Two blocks, A and B, of masses 2m and 3m respectively, are attached to the ends of a light string - Edexcel - A-Level Maths Mechanics - Question 3 - 2019 - Paper 1

To find the tension T in the string, we need to analyze the forces acting on both blocks A and B.

For Block A:

• The forces acting on A are:
  • Tension upward (T)
  • Weight component down the slope: $2mg \sin \alpha$
  • Frictional force: $F = \frac{2}{3} R$, where R is the normal reaction force.
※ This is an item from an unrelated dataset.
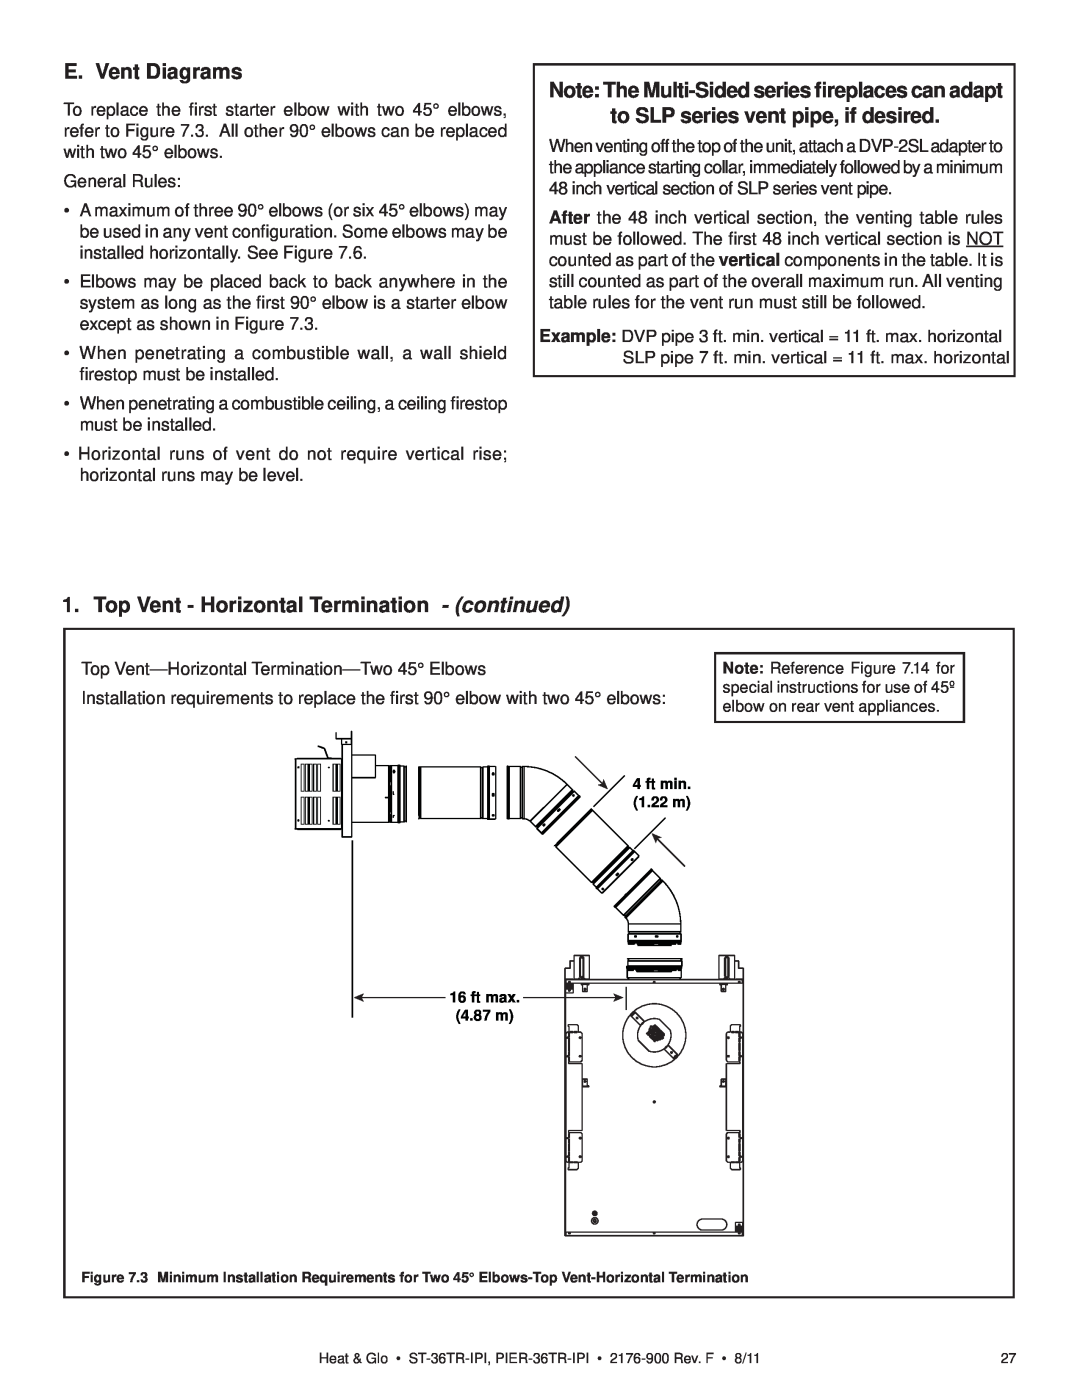 Heat & Glo LifeStyle ST-36TR-IPI, PIER-36TRLP-IPI E. Vent Diagrams, Note The Multi-Sided series ﬁreplaces can adapt

Calculating R: Since the normal reaction R is perpendicular to the slope: $R = 2mg \cos \alpha$ Thus, $F = \frac{2}{3} R = \frac{2}{3} (2mg \cos \alpha) = \frac{4mg \cos \alpha}{3}$

Now writing the equation of motion for A: $T - \frac{4mg \cos \alpha}{3} - 2mg \sin \alpha = 2ma \quad (1)$

For Block B:

• The forces acting on B are:
  • Weight acting downward: $3mg$
  • Tension acting upward:

Writing the equation of motion for B: $3mg - T = 3ma \quad (2)$

Using the angle given by ( \tan \alpha = \frac{5}{12} ), we can find ( \sin \alpha ) and ( \cos \alpha ) using the triangle ratios: $\sin \alpha = \frac{5}{13}, \quad \cos \alpha = \frac{12}{13}$

Substituting these into equation (1): $T - \frac{4mg \cdot \frac{12}{13}}{3} - 2mg \cdot \frac{5}{13} = 2ma$

Now substituting for ( a ) from equation (2), we can eliminate a and simplify both equations to solve for T. Eventually, we will arrive at: $T = \frac{12mg}{5}$.